There was no light switch. There was no light in the cell. There was, in fact, nothing in the cell but a bucket... The cell was not a cell, actually, it was a hole, a raised dungeon perhaps five feet wide, five feet high and five feet deep, with a ceiling and door of steel and a floor and walls of stone. The ceiling and door were chill to the touch. The walls wept chilly tears constantly. (p169)
I was suddenly scared, actually fearful... I still have nightmares from my stay (p170)
Mine was not a term in prison, it was an ordeal designed to destroy the mind and body... The bucket was my latrine. I was not given any toilet paper, nor was the bucket removed after use. I soon adapted to the stench, but after a few days the bucket overflowed and I had to move around and sleep in my own faecal matter. (p171)
Lice and other insects small enough to gain admittance to the fetid cell nested in my body hair and feasted on my flesh. I developed sores from my scratching and these became infected from contact with the always-present filth... Unintelligible shouts and curses, screams of pain and anguish, and muffled groans and cries washed softly along the corridor outside almost constantly, sometimes ceasing abruptly only to start again within minutes. (p172)

Jesus said:

I say to you that many will come from the east and the west, and will take their places at the feast with Abraham, Isaac and Jacob in the kingdom of heaven. But the subjects of the kingdom will be thrown outside, into the darkness, where there will be weeping and gnashing of teeth. (Matthew 8:11-12)

In Mark 9:48 Jesus quotes Isaiah to describe what it will be like for people in hell:

the worms that eat them will not die, the fire that burns them will not be quenched, and they will be loathsome to all mankind. (Isaiah 66:24)

Remorse

Unfortunately, Frank Abagnale shows a lack of remorse for his crimes. I hope I misunderstood and I hope for his sake that he realises his condition and repents before it's too late. He writes, "I did time in a French poky, served a stint in a Swedish slammer and cleansed myself of all my American sins in the Petersburg, Virginia, federal jug." (p11) I'm sorry to say that is not how you get your sins purged.

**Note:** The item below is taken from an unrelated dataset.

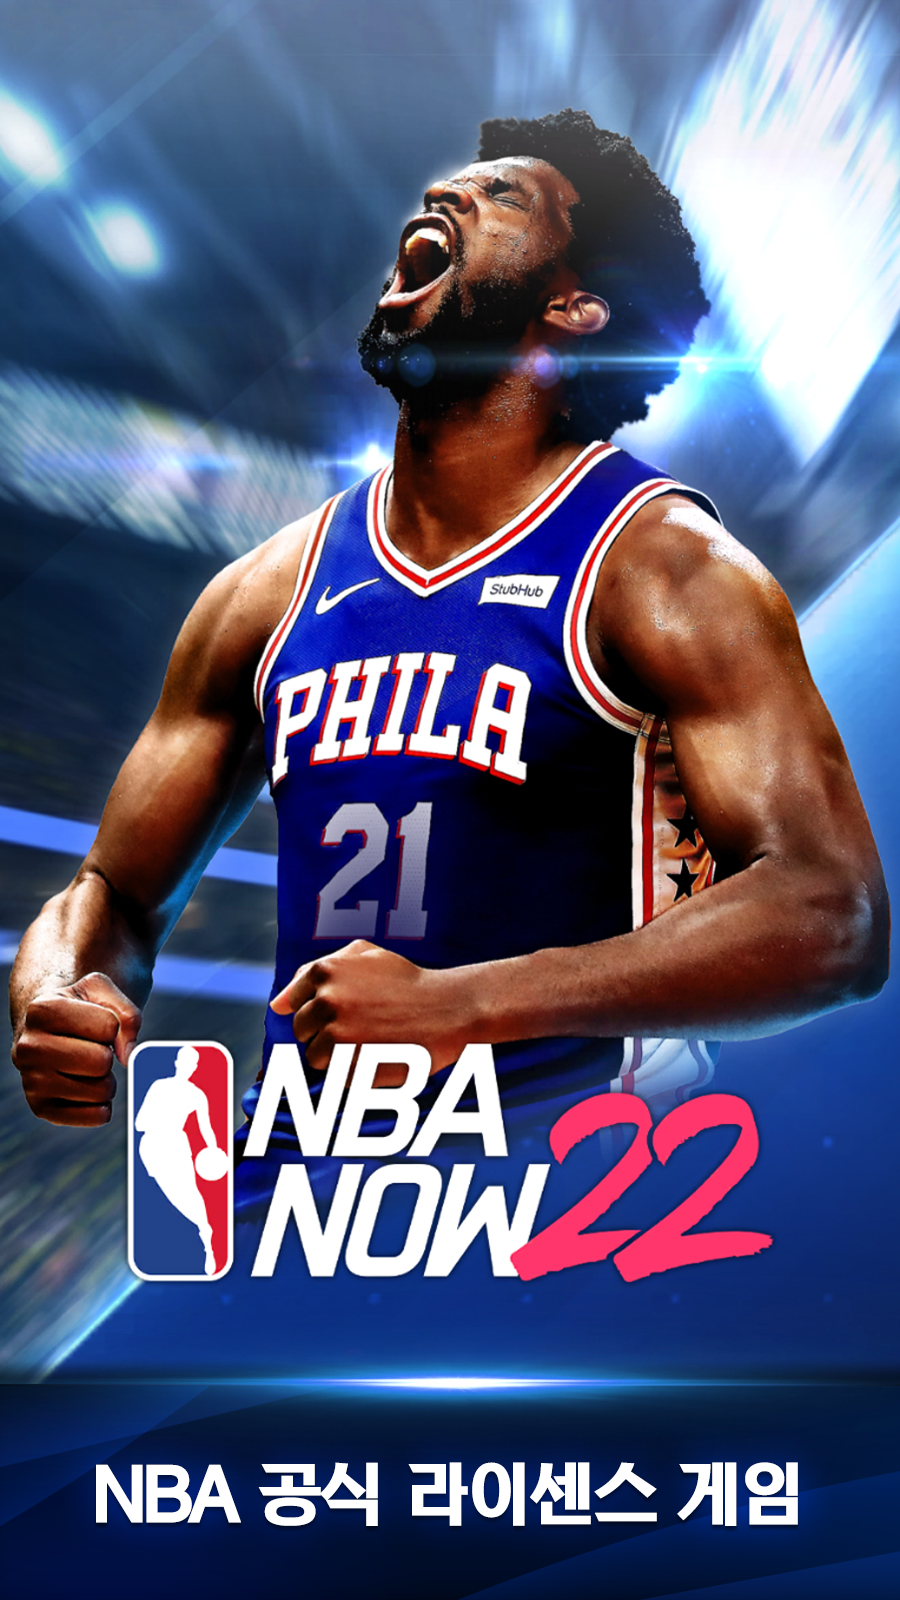 Screenshot 1 of NBA NOW 22 2.0.0

So, where is there a link or reference to Christ? The link isn't direct and blunt as it is in Avatar or Star Wars but the story of Jesus creating humankind and then dying to save us, as well as the future judgement on unrepentant people and salvation for those who do repent, is the true story of the Universe and it weaves itself into every story. An absence of a reference to Christ in a person's life is a scary thing but this story serves as a warning of the consequences of just that - of ignoring his claim on our lives and instead pursuing our own desires to our own destruction.